This is the second portion of this story. Find part one over here.
A warning: includes depictions of chronic illness & depression.
26 years old, a May morning
I’m sitting in a bland, blue waiting room at a OBGYN’s office, feeling mysteriously but acutely hopeless.
There’s no event that would cause this hopeless. No disappoint. No pain. Nothing cataclysmic occurred. The hopelessness and disorientation came on swiftly, without a clear cause, several days ago. I’ve been crying ever since. And when you cry for days on end—or even a whole day—it turns out your eyes swell up and you get a severe headache. Who would have thought? Per the headache and subsequent nausea, I’ve been unable to eat much. I also just don’t have an appetite. I’ve been sobbing, not eating and hardly sleeping for about seventy-two hours. The final straw was chest pain that spread to my left arm. That sent me to Urgent Care.

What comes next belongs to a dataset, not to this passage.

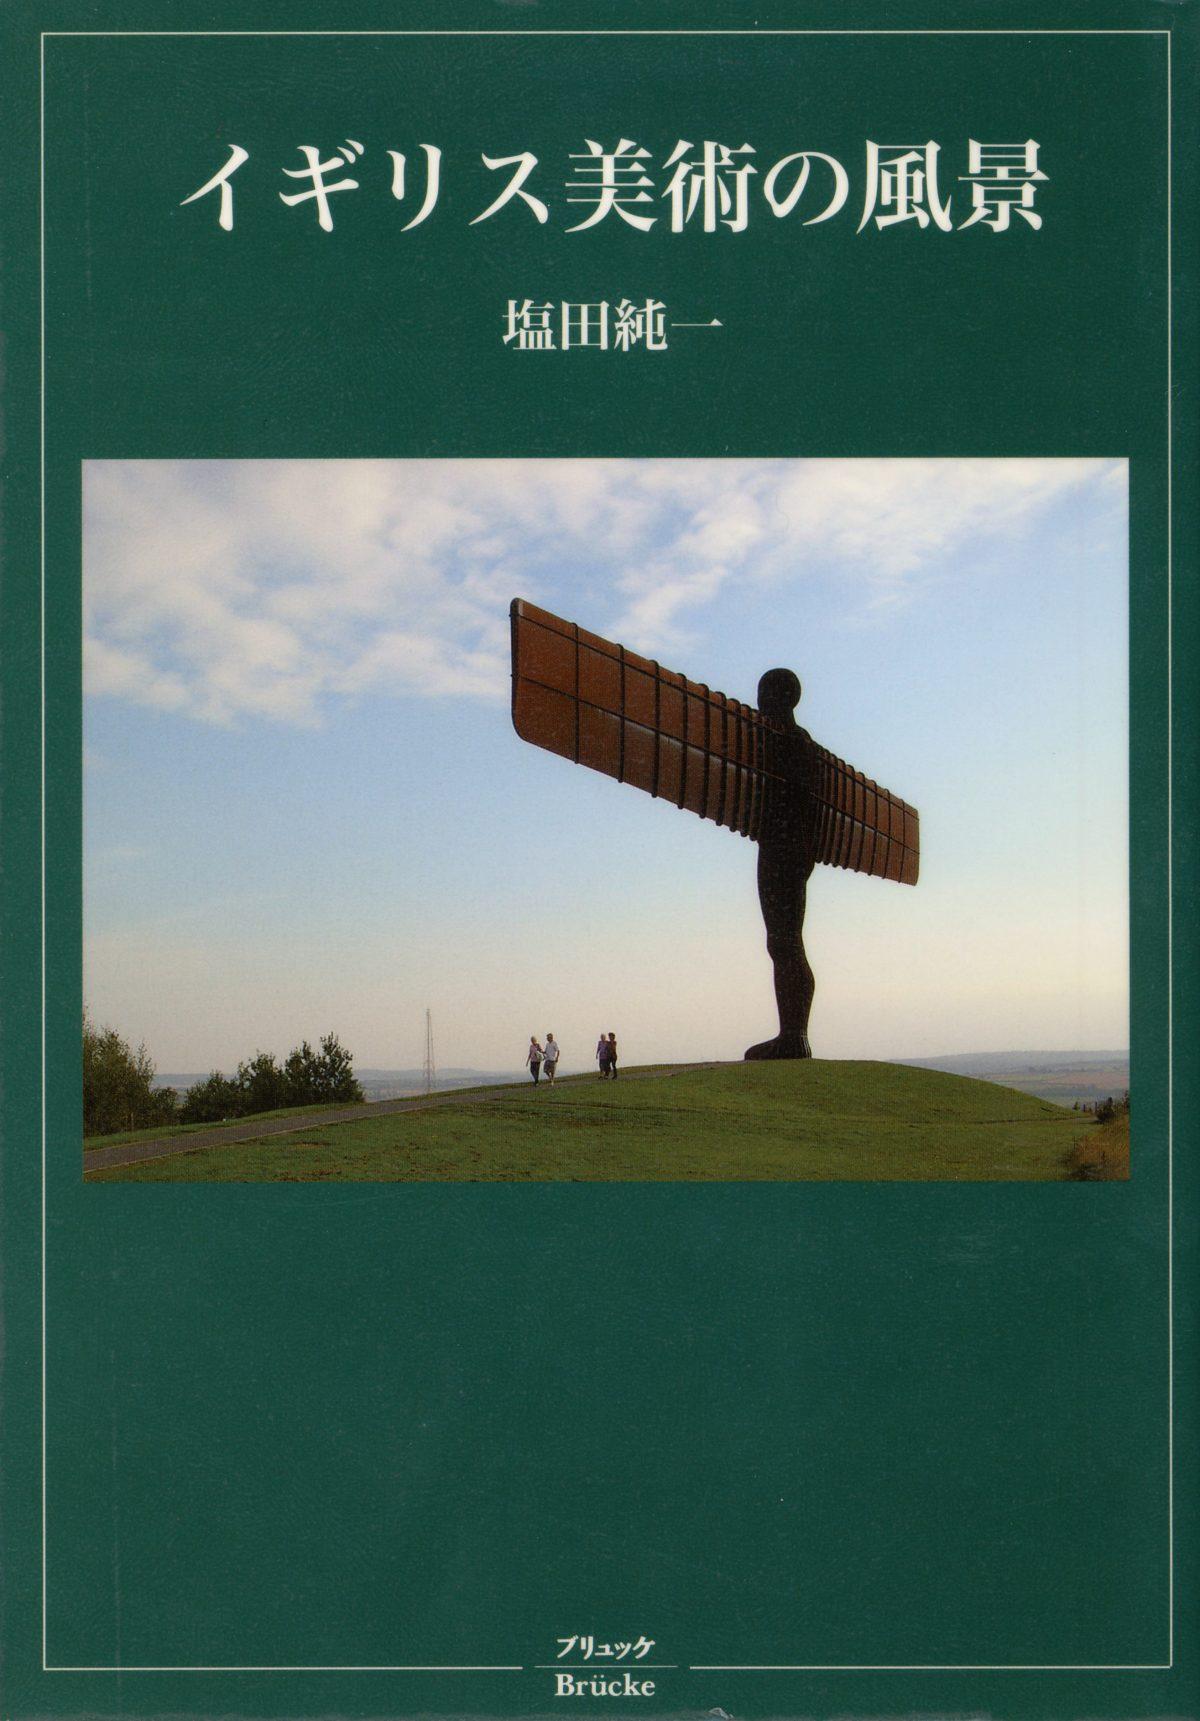 「イギリス美術の風景」ブリュッケ 2007

And at Urgent Care they told me the cause was my IUD.
I’ve only just had the hormonal IUD placed recently. The hormones—a synthetic form of progesterone—seem to be tormenting my body and brain. Within a few hours of my first cycle since it was placed, I was plunged into the darkest place I’ve been mentally, and I’ve been some dark, dark places. I cannot be left alone—I begin to question whether I really exist if I am. I cannot stop crying. I consider not being here any longer. There’s nothing to explain this except the IUD.
A nurse calls me back to the exam room.
When the IUD is removed, I scream in pain. I vow that I’m done with hormonal birth control because I can’t risk something like this again. But this means I have to figure something else out.
When I’ve recovered—after a week of smoothies full of berries and maca and binging Mrs. Maisel—I start reading more about the idea my roommate mentioned years ago: that you can’t get pregnant every day of every month. Somehow, you can figure out when those times are when pregnancy simply will not happen.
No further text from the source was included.